* DATASET CONTENT
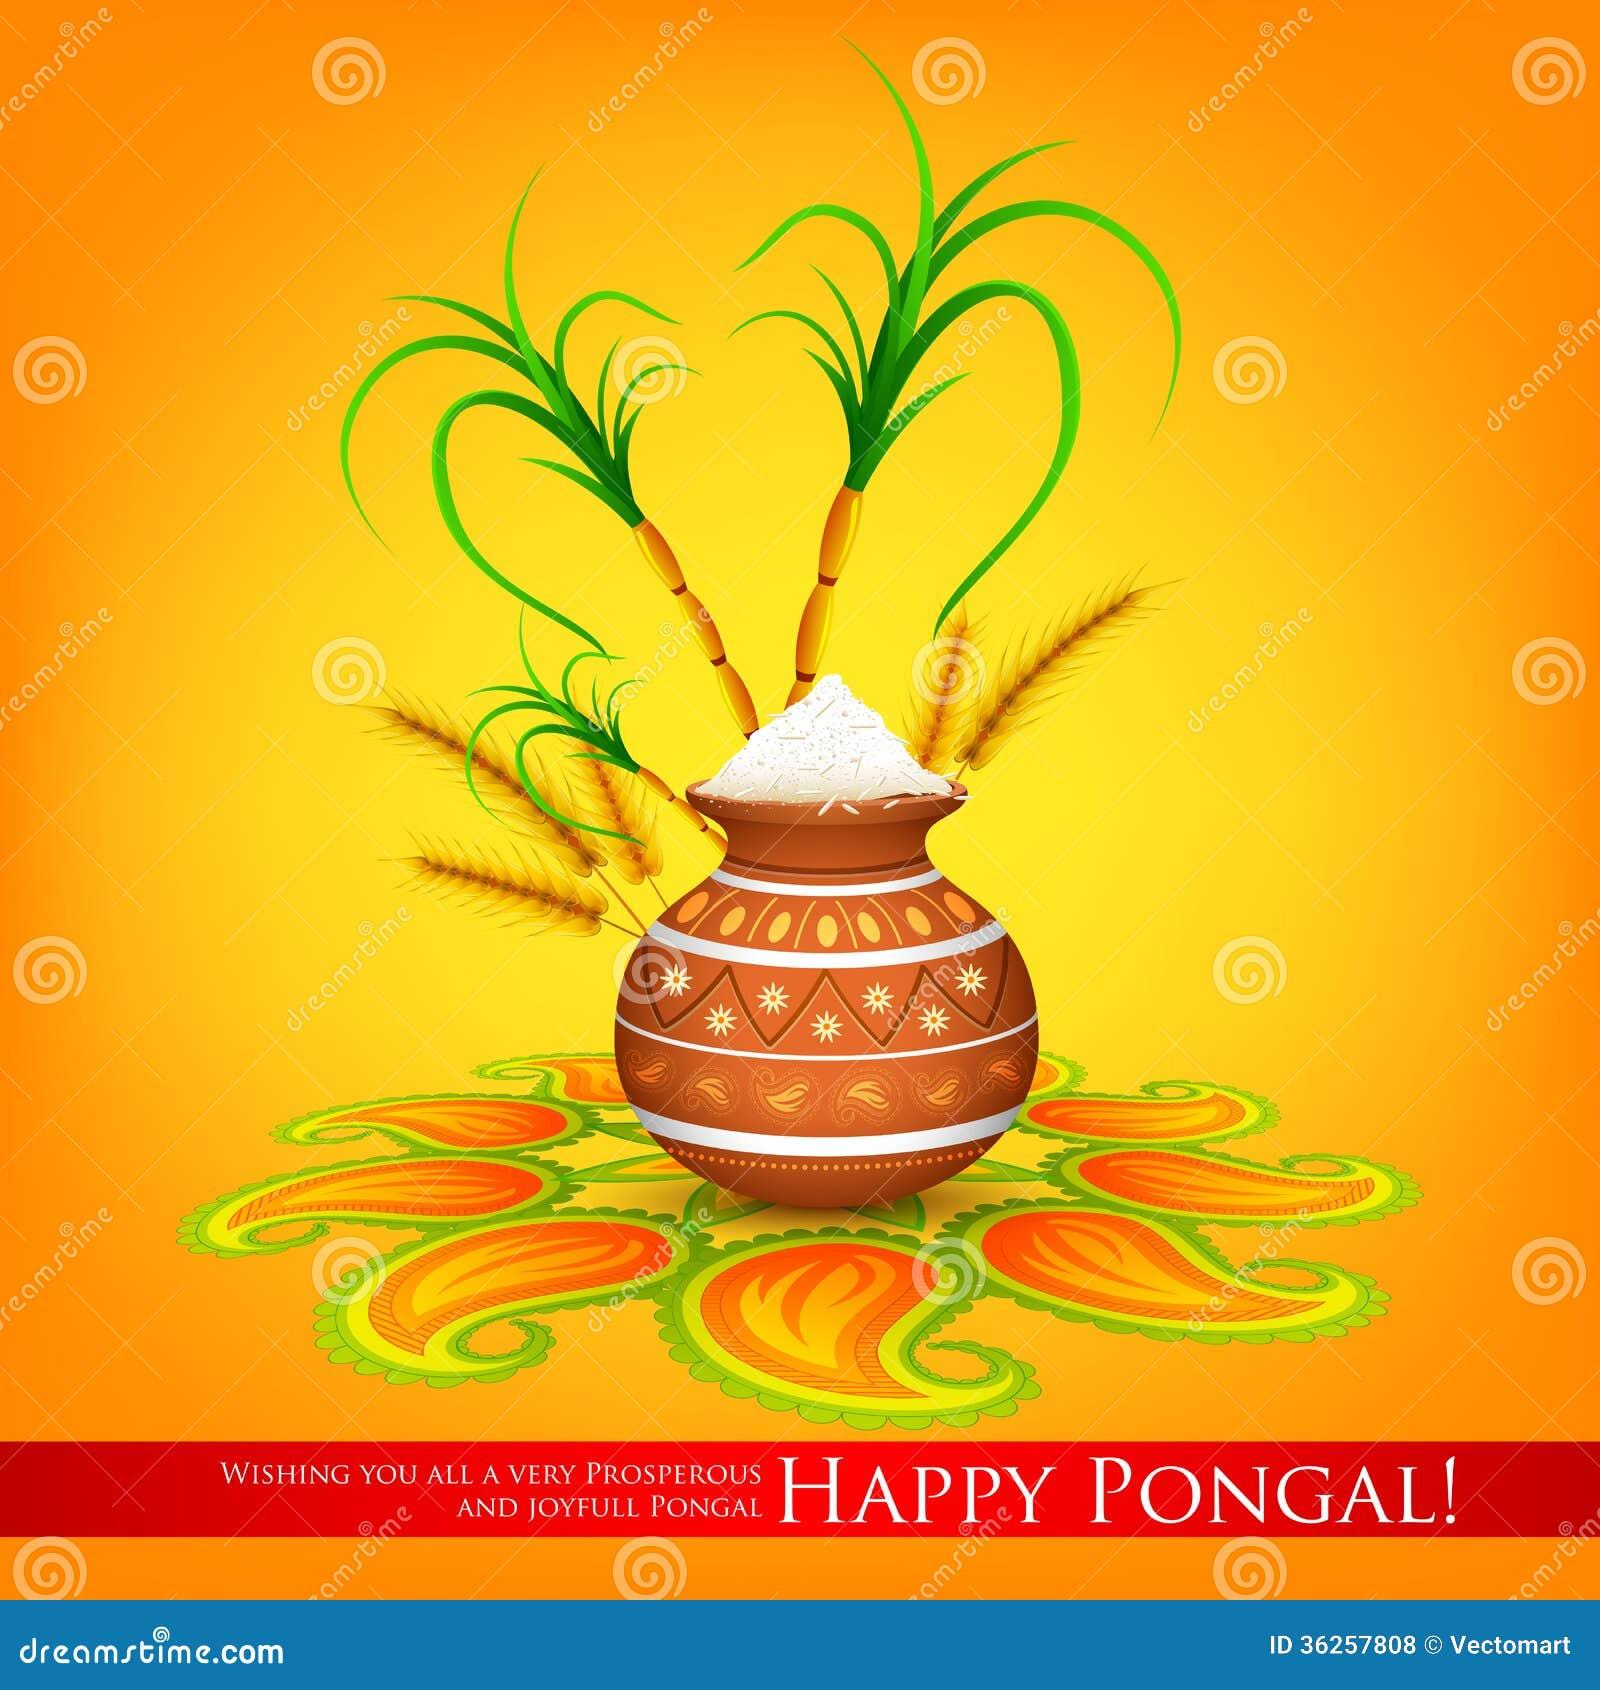 1300 x 1390 jpeg 147kB, Pongal Imgae | New Calendar Template Site
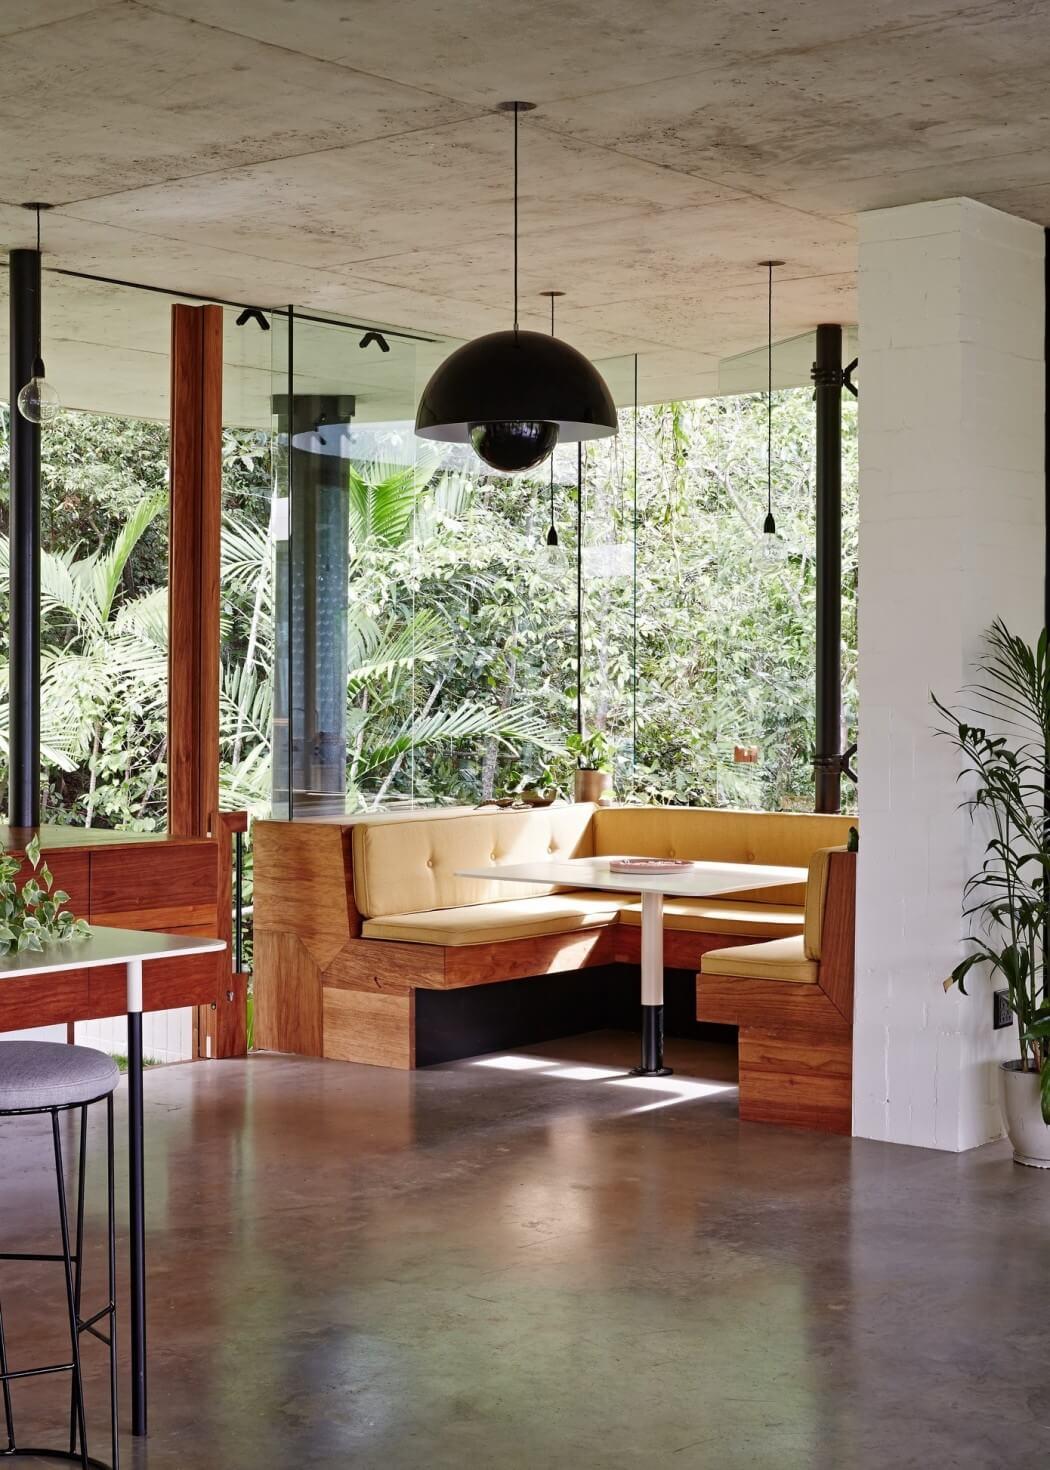 Planchonella House by Jesse Bennett Architect
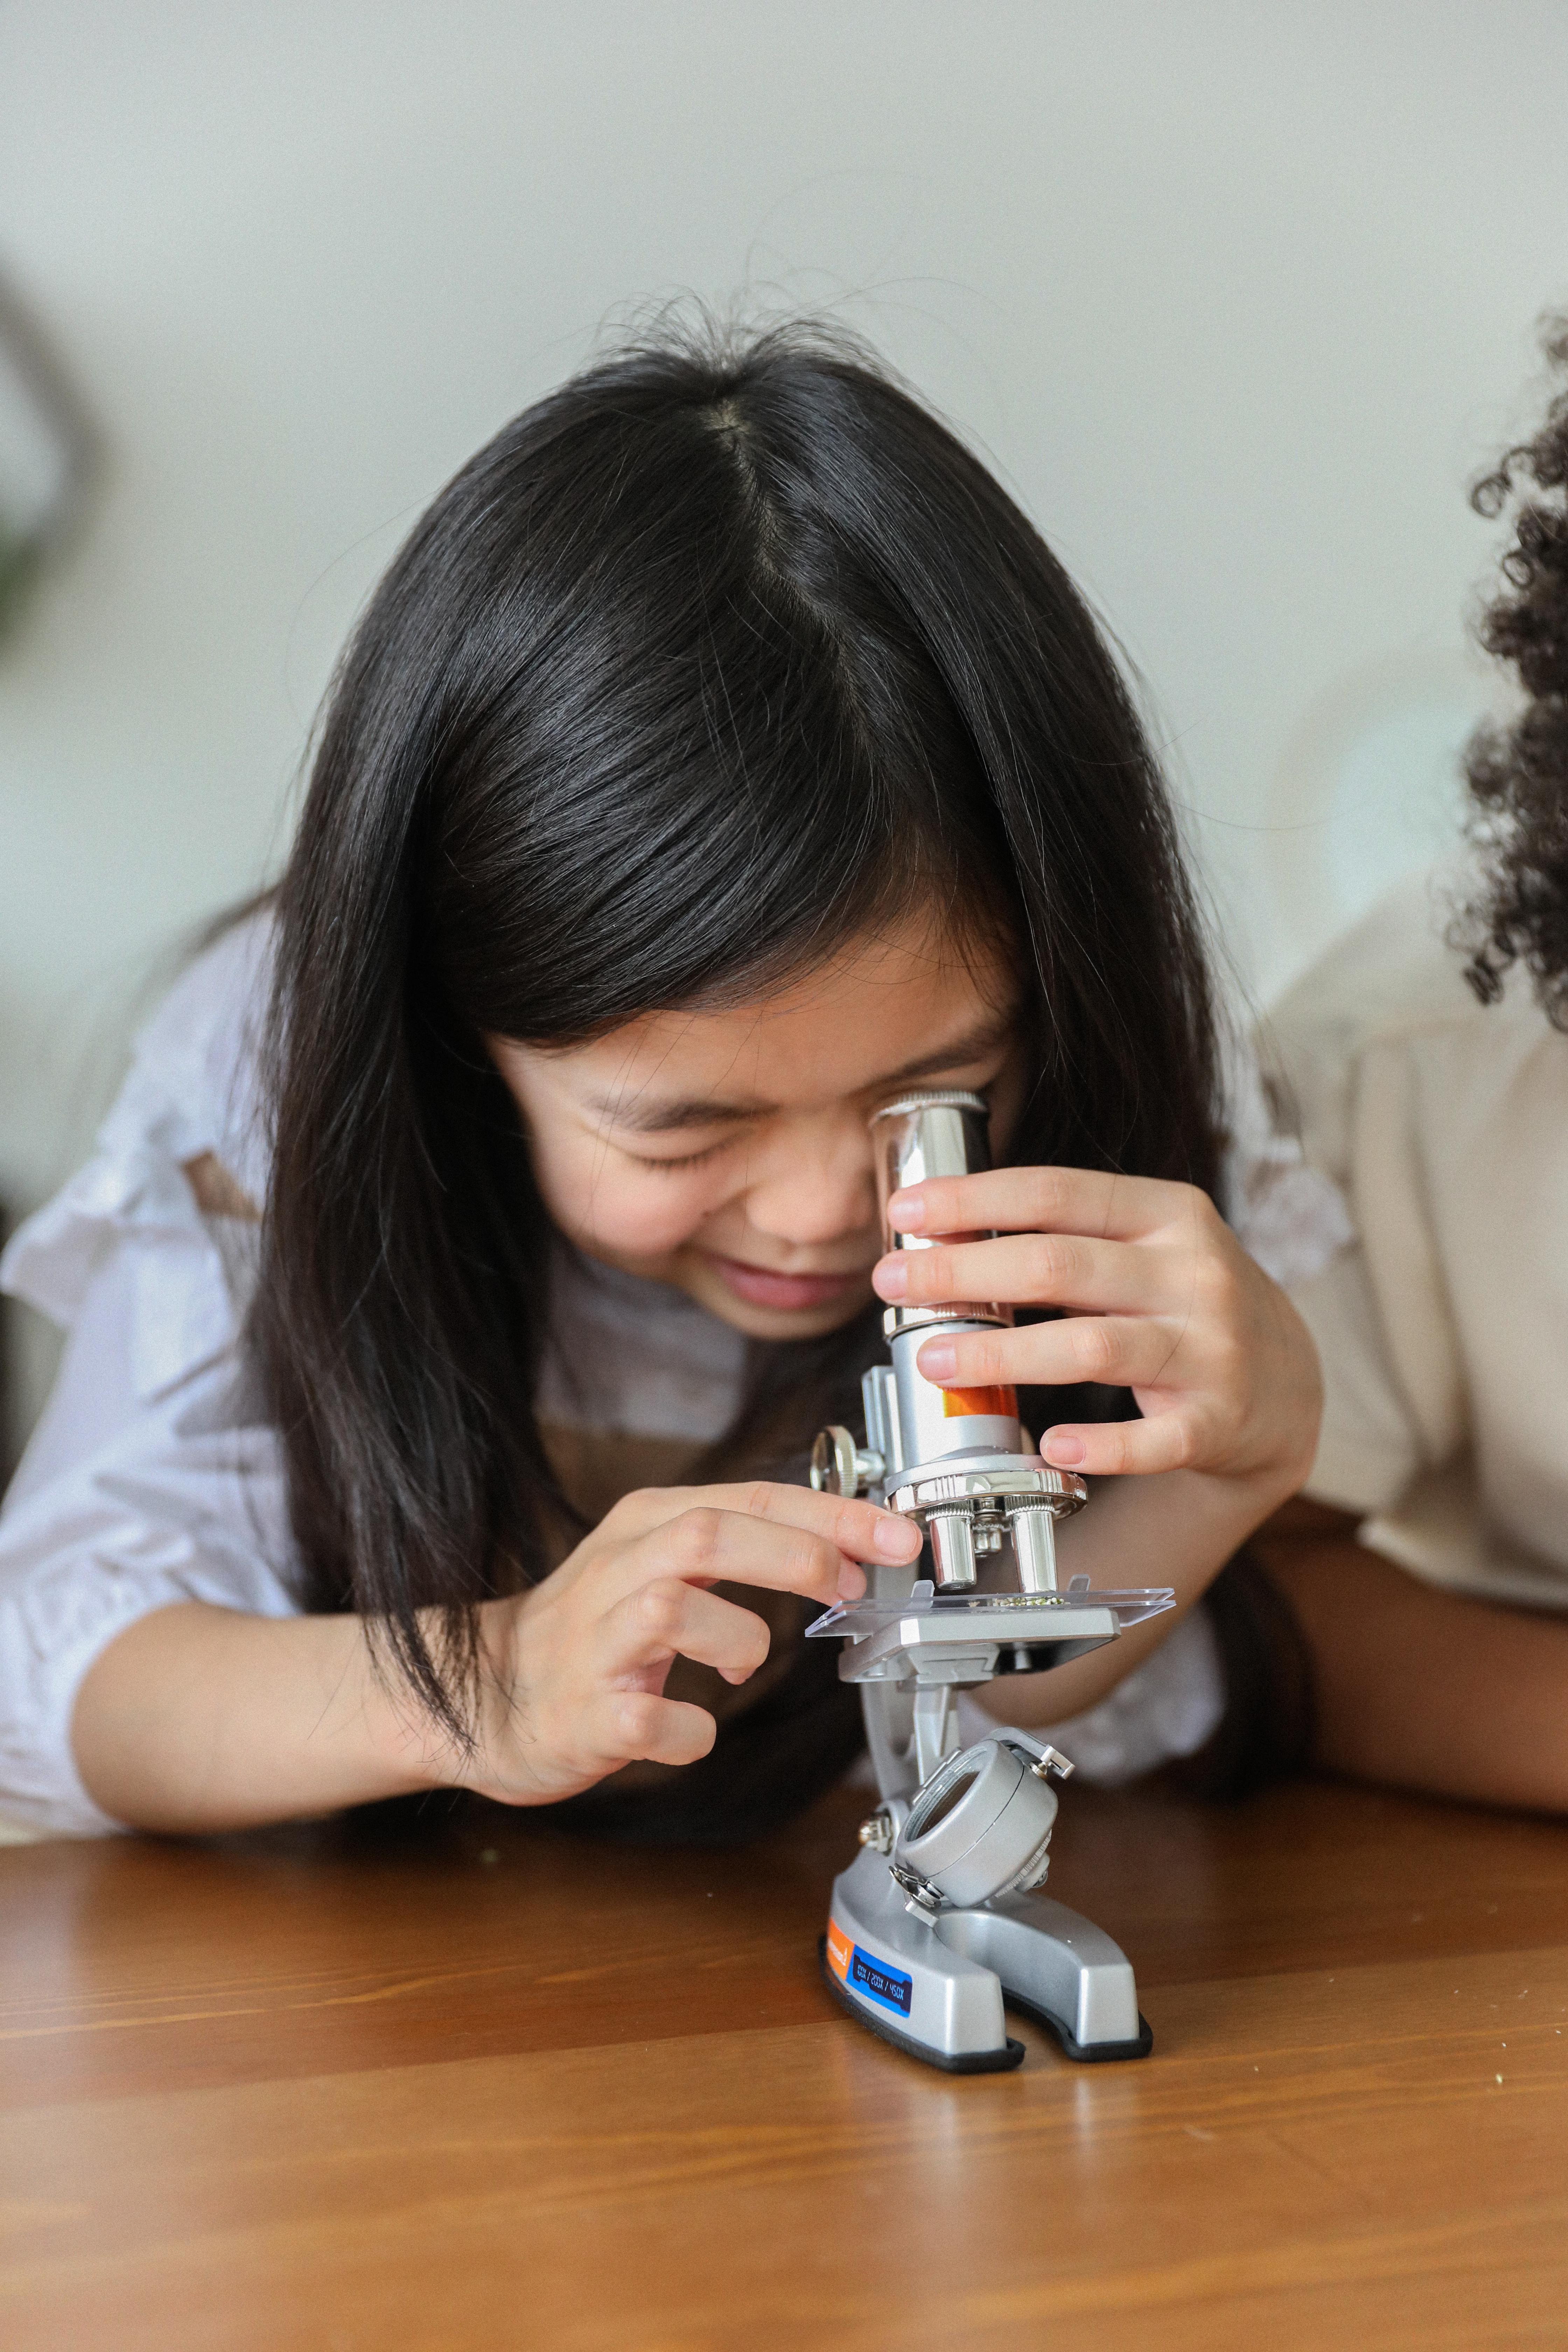 curious ethnic child examining chemical instruments in studio

* EXERCISE
Copy out exactly, without any pictures, the lines above that begin at the one with "Planchonella House by" and end at the last line of the listing.

* RESPONSE TO THE TASK
 Planchonella House by Jesse Bennett Architect
 curious ethnic child examining chemical instruments in studio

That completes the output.